За перегородкой несколько секунд еще стояло молчание, потом Маруся поднялась как-то вдруг, и ее фигура появилась в темном четырехугольнике двери. Ее праздничная одежда была слегка измята, лицо искажено мучительной судорогой и, как мне показалось, — выражением глубокого, мучительного стыда… Тимоха помог ей одеться. Она застенчиво поклонилась нам, и они вышли…
На следующее утро мы стояли с Козловским у ворот, разговаривая о событиях прошедшего дня… День был сравнительно мягкий, градусов пятнадцать, что для тех мест соответствует нашей оттепели, и на улице виднелось немало народу…
Вдруг мы заметили около середины длинной слободской улицы какое-то оживление. Лаяли собаки, выбегали люди, стайка татарчат бежала за всадником, ехавшим по самой середине улицы почти шагом.
— А ведь это, смотрите, Степан, — сказал, вглядываясь, Козловский.
Я сначала не поверил, но стоявший рядом слобожанин Сергей, обладавший чисто рысьей дальнозоркостью, с уверенностью подтвердил мнение поляка.
— Ну, смелая шельма, — сказал с одобрением Козловский. — Едет себе середи дня, как ни в чем не бывало. Пьяный, должно быть… Вот будет штука, если увидит Абрашка.

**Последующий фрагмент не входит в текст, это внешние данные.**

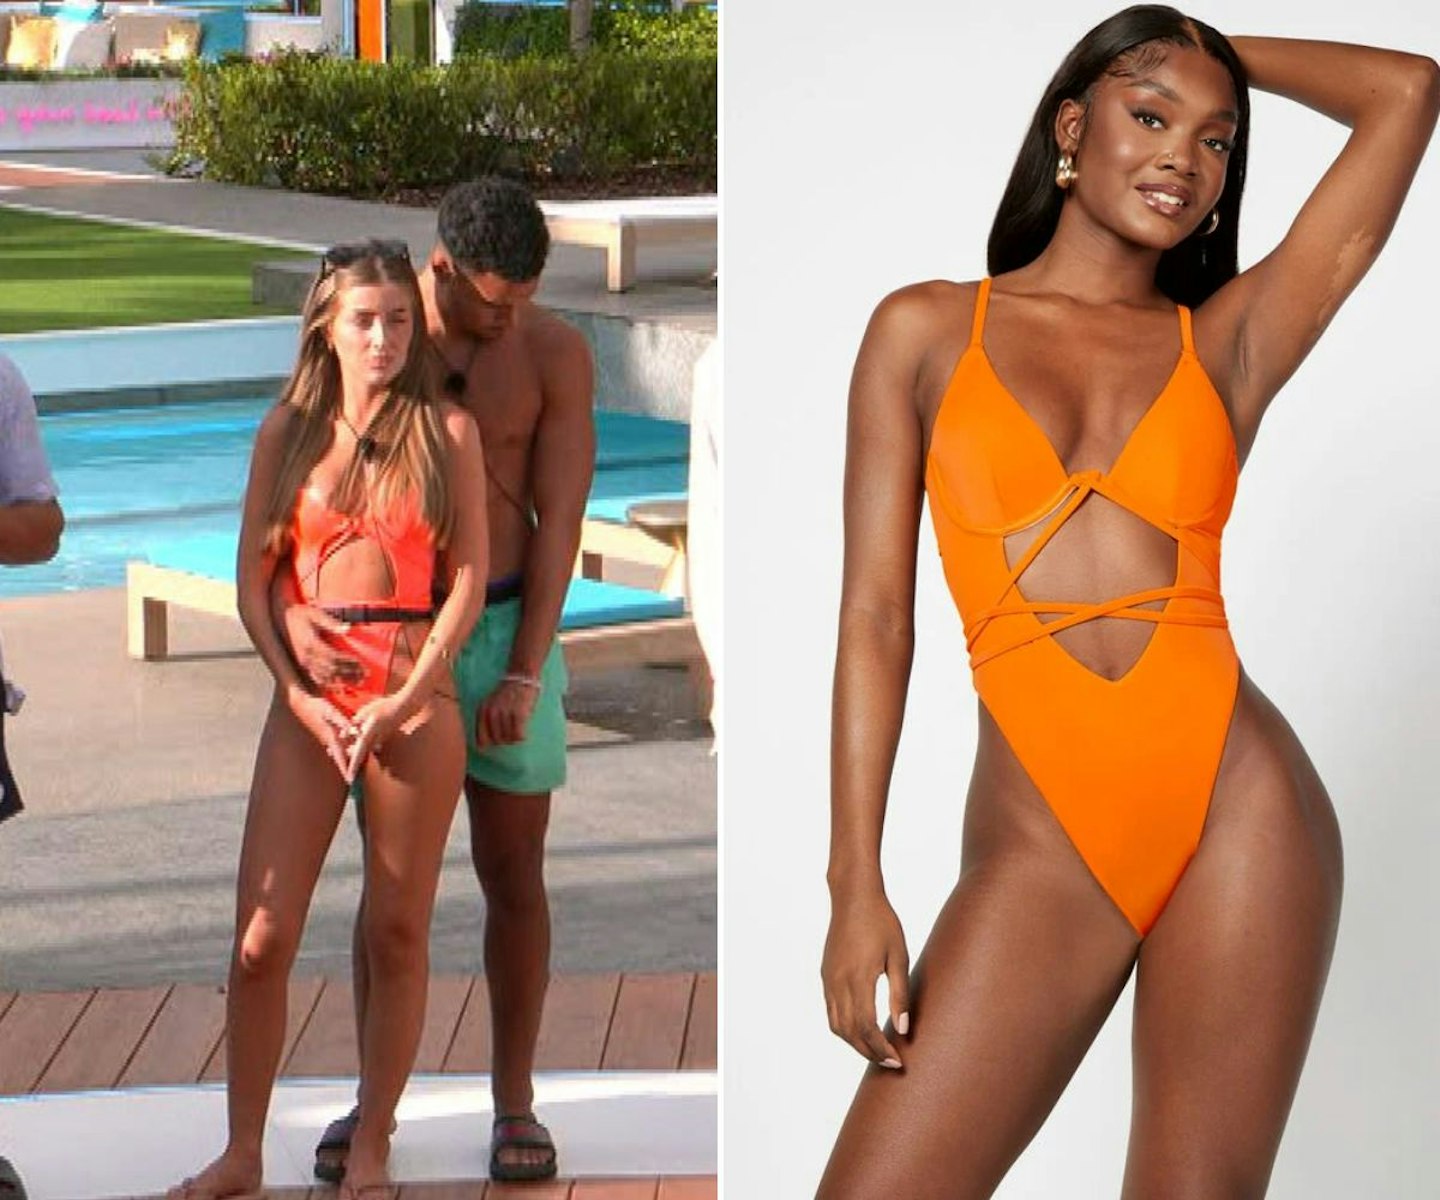 Georgia Steel's orange cut-out swimsuit

Абрашка в это время колол дрова. Заинтересованный шумом, он равнодушно вышел за ворота, пригляделся и вдруг со всех ног кинулся в дом. Через минуту дверь отворилась. Мне показалось, что оттуда мелькнуло дуло ружья, но тотчас же дверь захлопнулась опять. Не прошло и минуты, как из юрты появилась красивая жена Абрама, а за ней — сам Абрам покорно шел с пустыми руками…
Толпа за Степаном росла. Он ехал не торопясь, конь порывался и играл под ним, пугаясь шума и толкотни, но Степан сдерживал его и, казалось, не обращал внимания на все происходившее. Мне показалось, что он действительно несколько пьян. Я заметил, что в толпе было больше всего татар. Слобожане и якуты, наоборот, скрывались в юрты. Степан испытывал еще раз участь героя, оставляемого в трудную минуту теми самыми людьми, которые всего больше ему удивлялись. Сергей тоже с замешательством почесался…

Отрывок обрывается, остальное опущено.